Fix inconsistent indentation in numpy_inputs initialization
Corrected the indentation within the loop for numpy_inputs assignment in `modeld.py`. This ensures proper execution of the loop and prevents potential runtime issues caused by misaligned code blocks. Refactor TINYGRAD usage logic and simplify checks. Consolidated the TINYGRAD flag with TICI conditions to reduce redundancy. Adjusted tensor initialization flow to handle different device setups more cleanly. This simplifies the code and improves maintainability. Enable tinygrad integration via environment variable Added support for using tinygrad on non-TICI devices by introducing the `USE_TINYGRAD` environment variable. Conditional logic was updated to accommodate this change, ensuring compatibility with both tinygrad and ONNX runtimes. This allows more flexibility in choosing the computation framework.
2026-07-24 07:42:05 +08:00 · 2024-12-29 09:18:11 +01:00 · 2024-12-28 20:43:28 +01:00 · 2024-12-28 17:44:06 +01:00 · 2024-12-28 13:04:47 +01:00 · 2024-12-28 12:06:53 +01:00
2 changed files with 68 additions and 18 deletions
@@ -3,13 +3,14 @@ import os
 from openpilot.system.hardware import TICI

 #
-if TICI:
+USE_TINYGRAD = os.getenv('USE_TINYGRAD', True) or TICI
+if USE_TINYGRAD:
  from tinygrad.tensor import Tensor
  from tinygrad.dtype import dtypes
  from openpilot.selfdrive.modeld.runners.tinygrad_helpers import qcom_tensor_from_opencl_address
  os.environ['QCOM'] = '1'
 else:
-  from openpilot.selfdrive.modeld.runners.ort_helpers import make_onnx_cpu_runner
+  from openpilot.selfdrive.modeld.runners.ort_helpers import make_onnx_cpu_runner, ORT_TYPES_TO_NP_TYPES
 import time
 import pickle
 import numpy as np
@@ -60,30 +61,36 @@ class ModelState:
    self.frames = {'input_imgs': DrivingModelFrame(context), 'big_input_imgs': DrivingModelFrame(context)}
    self.prev_desire = np.zeros(ModelConstants.DESIRE_LEN, dtype=np.float32)
    self.full_features_20Hz = np.zeros((ModelConstants.FULL_HISTORY_BUFFER_LEN, ModelConstants.FEATURE_LEN), dtype=np.float32)
-    self.desire_20Hz =  np.zeros((ModelConstants.FULL_HISTORY_BUFFER_LEN + 1, ModelConstants.DESIRE_LEN), dtype=np.float32)
+    self.desire_20Hz = np.zeros((ModelConstants.FULL_HISTORY_BUFFER_LEN + 1, ModelConstants.DESIRE_LEN), dtype=np.float32)

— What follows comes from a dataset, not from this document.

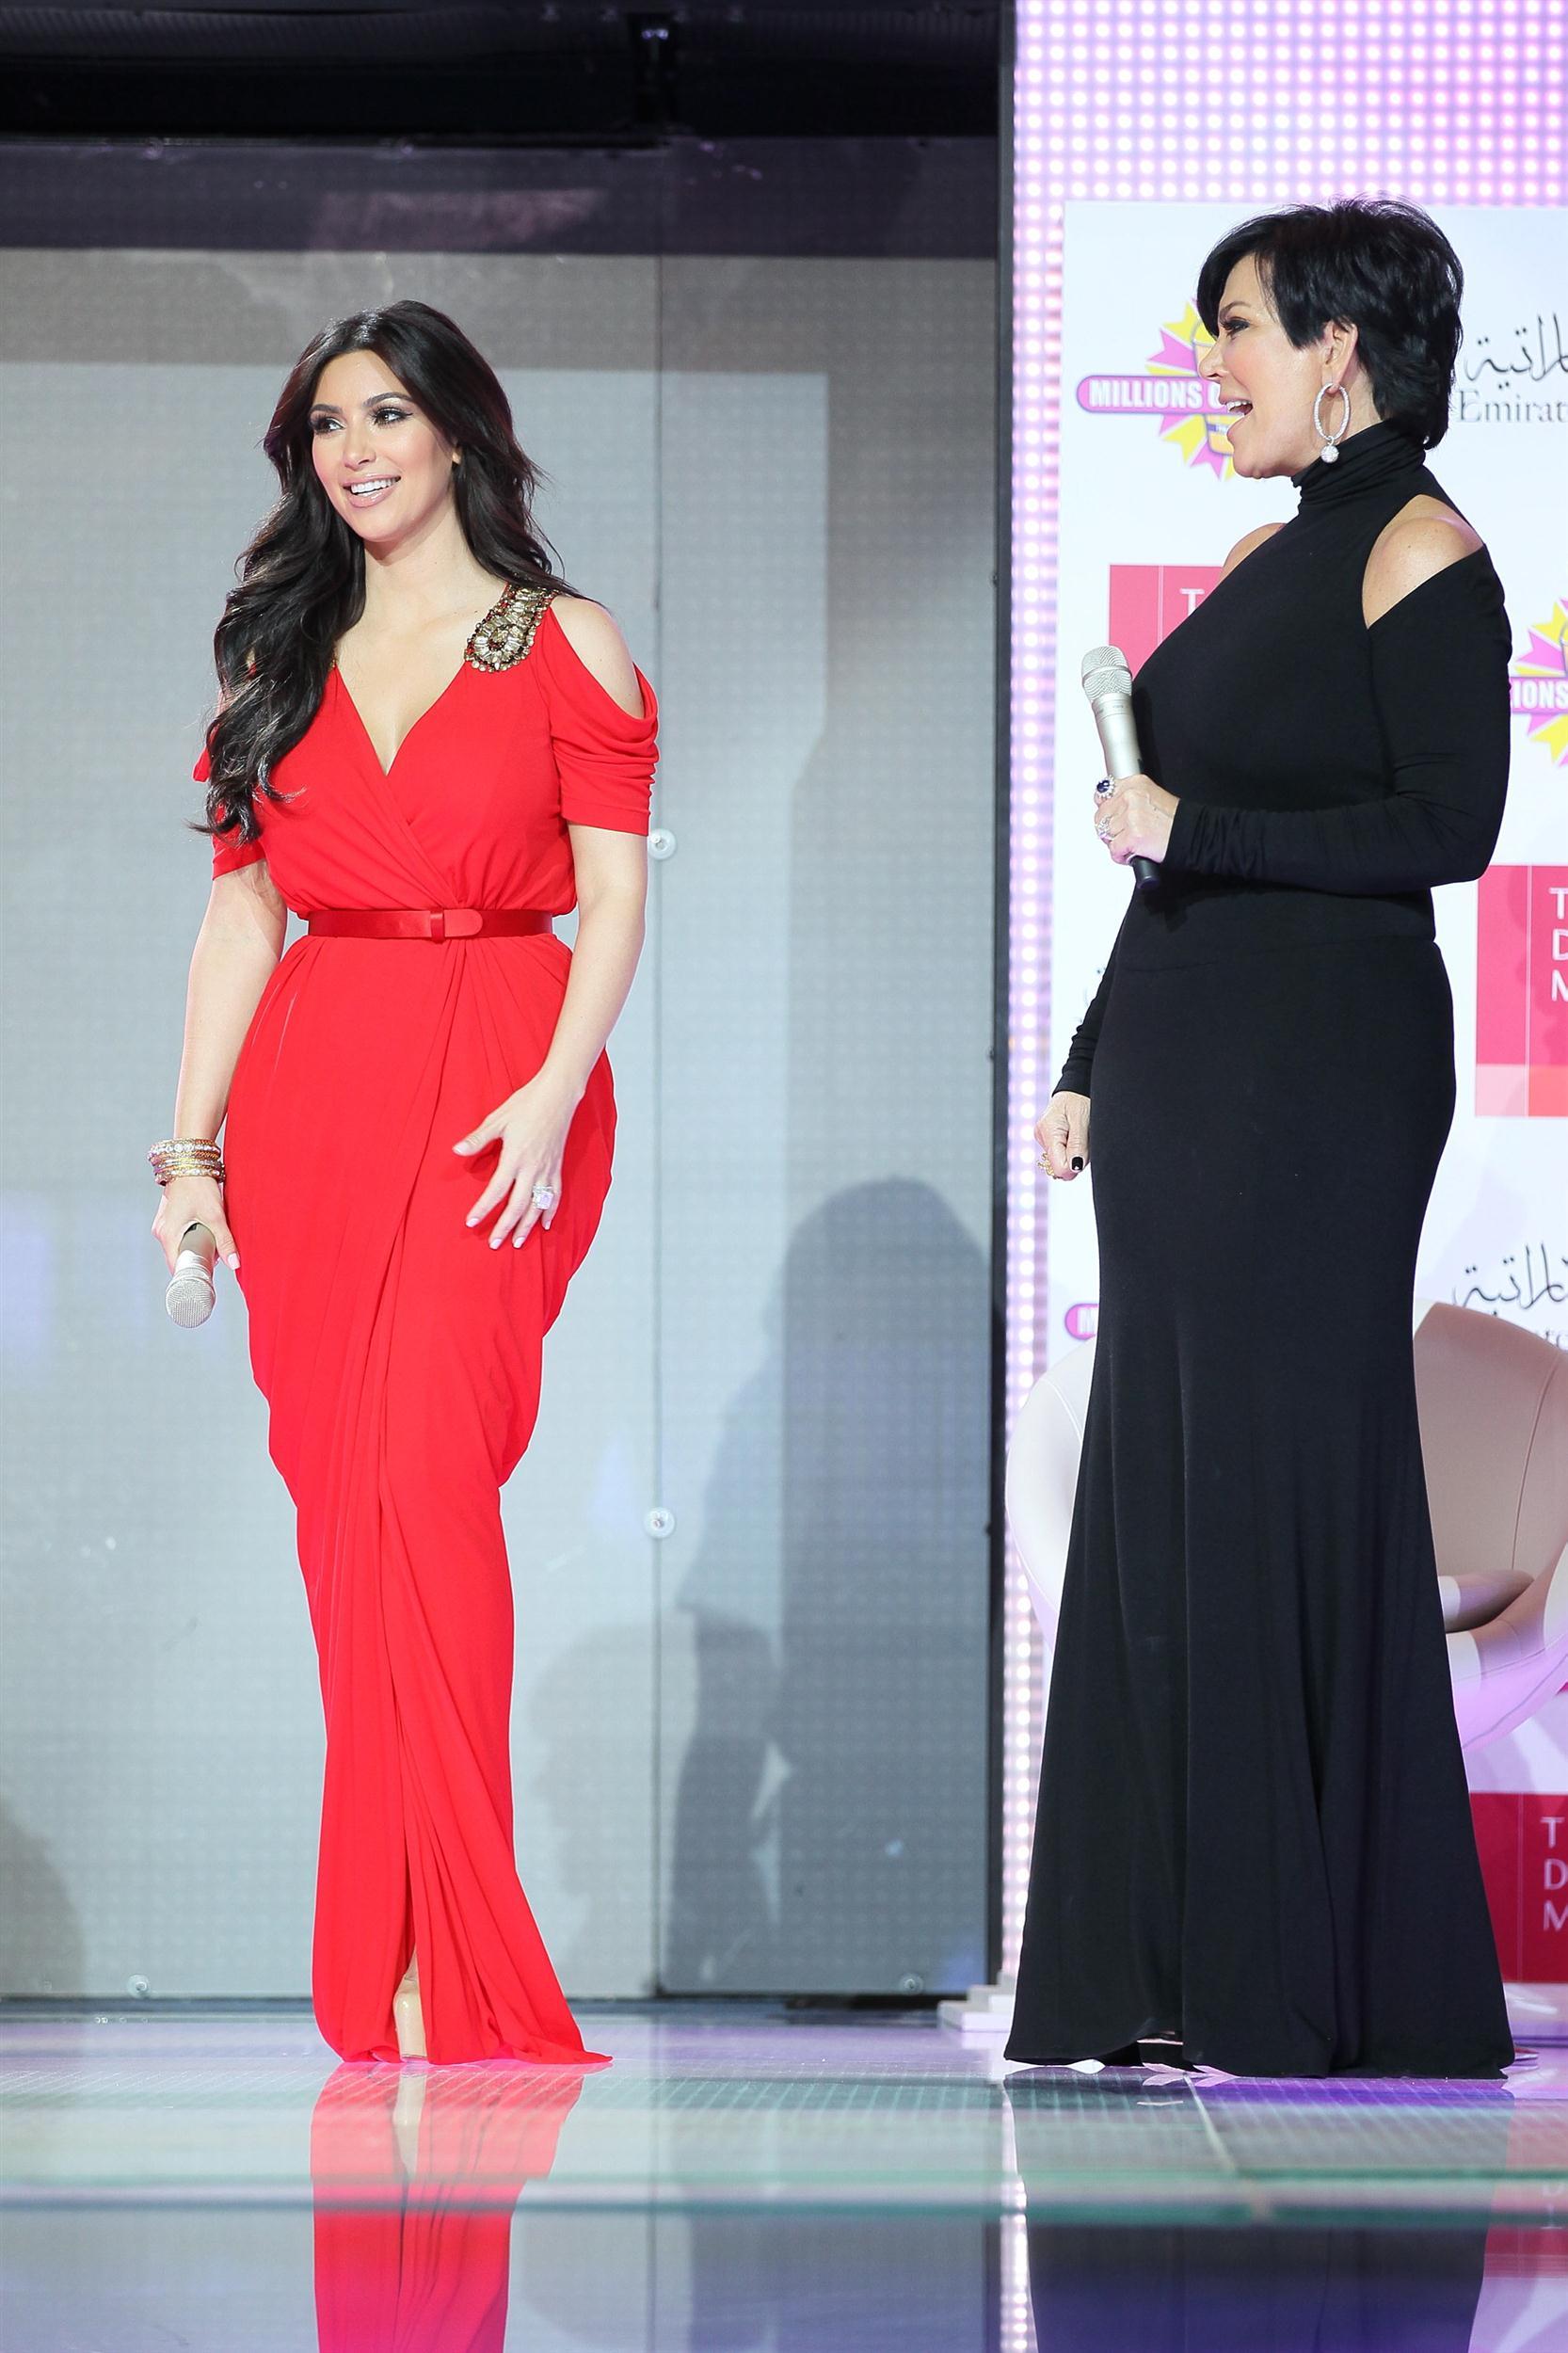 Kim Kardashian and Kris Jenner appear on a catwalk in the middle of the Dubai Mall | Picture 102861

    # img buffers are managed in openCL transform code
-    self.numpy_inputs = {
-      'desire': np.zeros((1, (ModelConstants.HISTORY_BUFFER_LEN+1), ModelConstants.DESIRE_LEN), dtype=np.float32),
-      'traffic_convention': np.zeros((1, ModelConstants.TRAFFIC_CONVENTION_LEN), dtype=np.float32),
-      'features_buffer': np.zeros((1, ModelConstants.HISTORY_BUFFER_LEN,  ModelConstants.FEATURE_LEN), dtype=np.float32),
-    }
+    self.numpy_inputs = {}

    with open(METADATA_PATH, 'rb') as f:
      model_metadata = pickle.load(f)
    self.input_shapes =  model_metadata['input_shapes']

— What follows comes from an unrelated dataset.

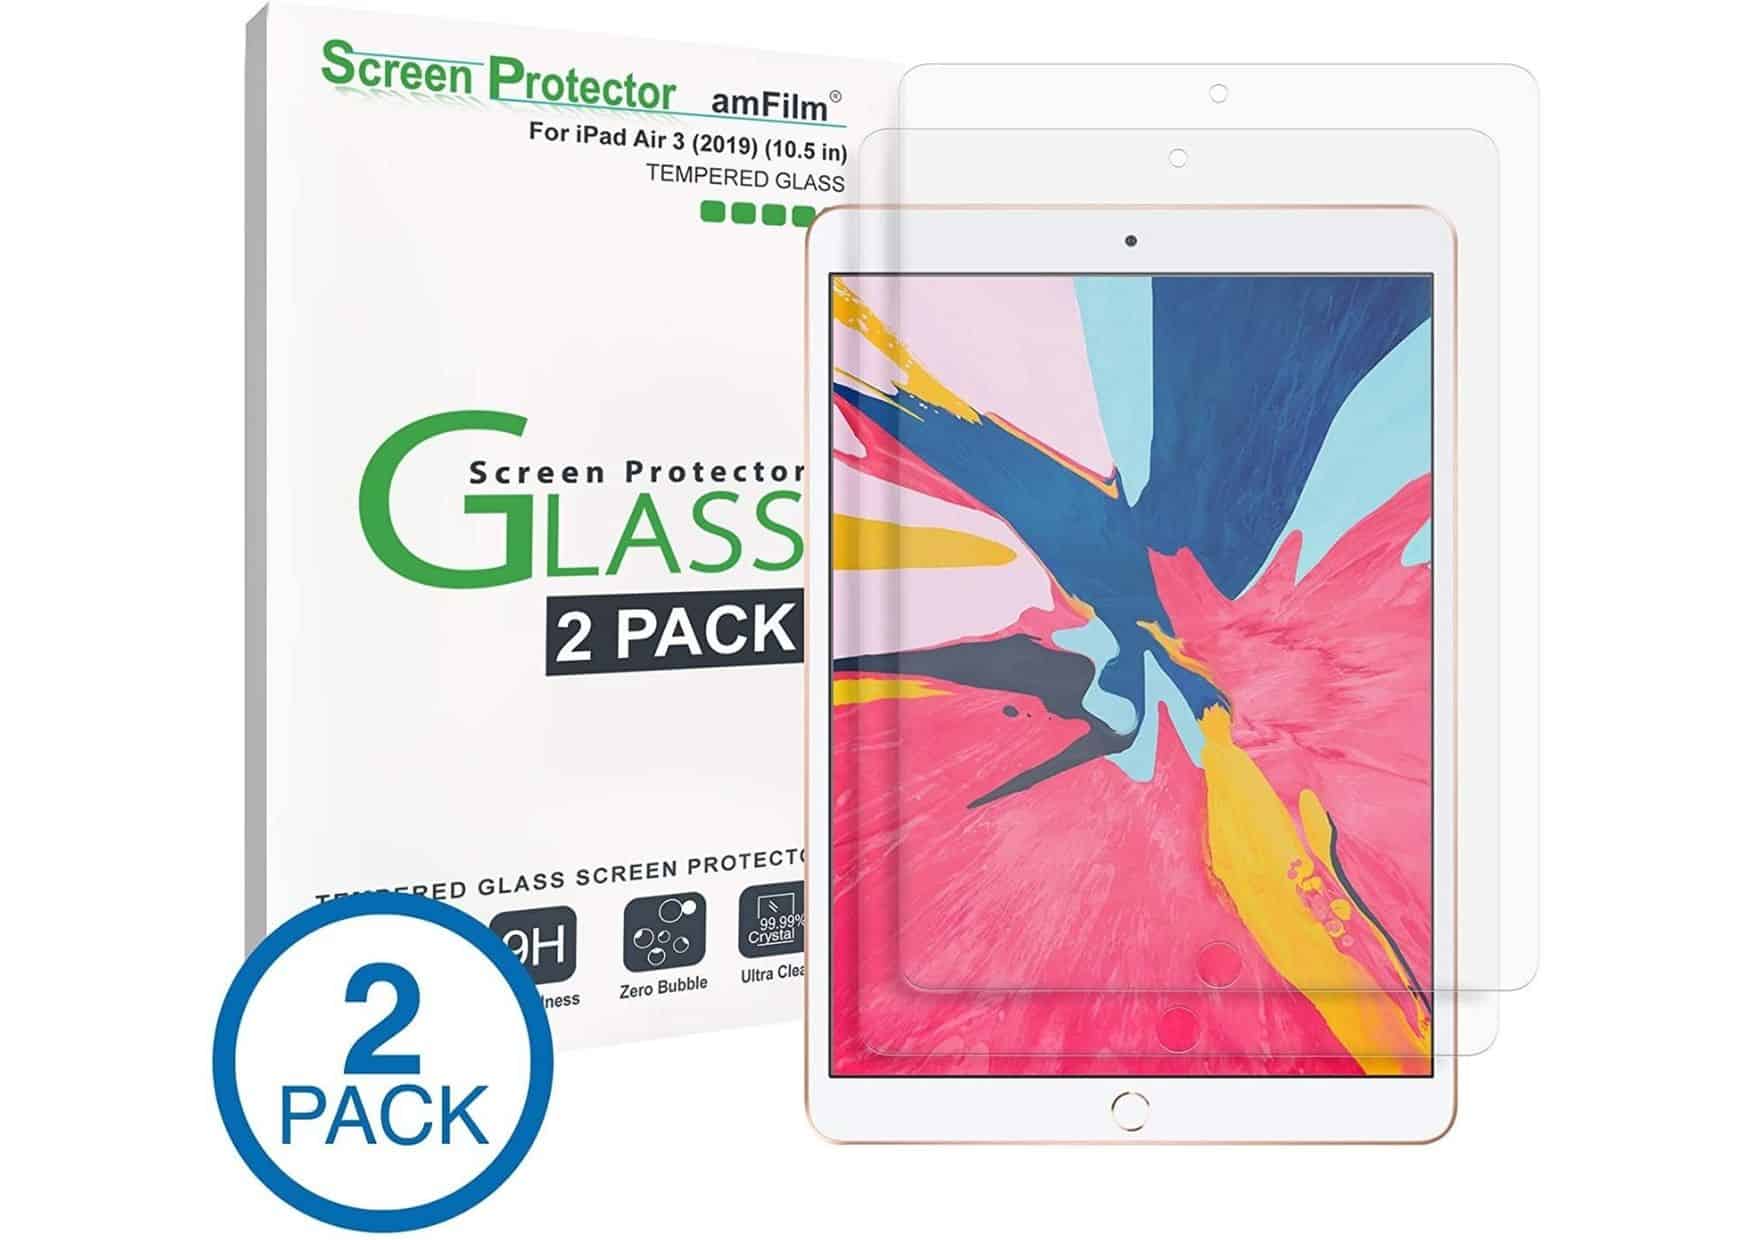 2 Pack and Compatible with Apple Pencil amFilm Glass Screen Protector for iPad 10.2 7th Generation, 2019 Tempered Glass Screen Protector with Camera Cutout

+    for key, shape in self.input_shapes.items():
+      if key not in self.frames: # Managed by opencl
+        self.numpy_inputs[key] = np.zeros(shape, dtype=np.float32)
+
    self.output_slices = model_metadata['output_slices']
    net_output_size = model_metadata['output_shapes']['outputs'][1]
    self.output = np.zeros(net_output_size, dtype=np.float32)
    self.parser = Parser()

-    if TICI:
+    if USE_TINYGRAD:
      self.tensor_inputs = {k: Tensor(v, device='NPY').realize() for k,v in self.numpy_inputs.items()}
      with open(MODEL_PKL_PATH, "rb") as f:
        self.model_run = pickle.load(f)
    else:
      self.onnx_cpu_runner = make_onnx_cpu_runner(MODEL_PATH)
+      self.onnx_model_metadata = {input.name: input.type for input in self.onnx_cpu_runner.get_inputs()}
+
+    num_elements = self.numpy_inputs['features_buffer'].shape[1]
+    step_size = int(-100 / num_elements)
+    self.full_features_20Hz_idxs = np.arange(step_size, step_size * (num_elements + 1), step_size)[::-1]
+    self.desire_reshape_dims = (self.numpy_inputs['desire'].shape[0], self.numpy_inputs['desire'].shape[1], -1, self.numpy_inputs['desire'].shape[2])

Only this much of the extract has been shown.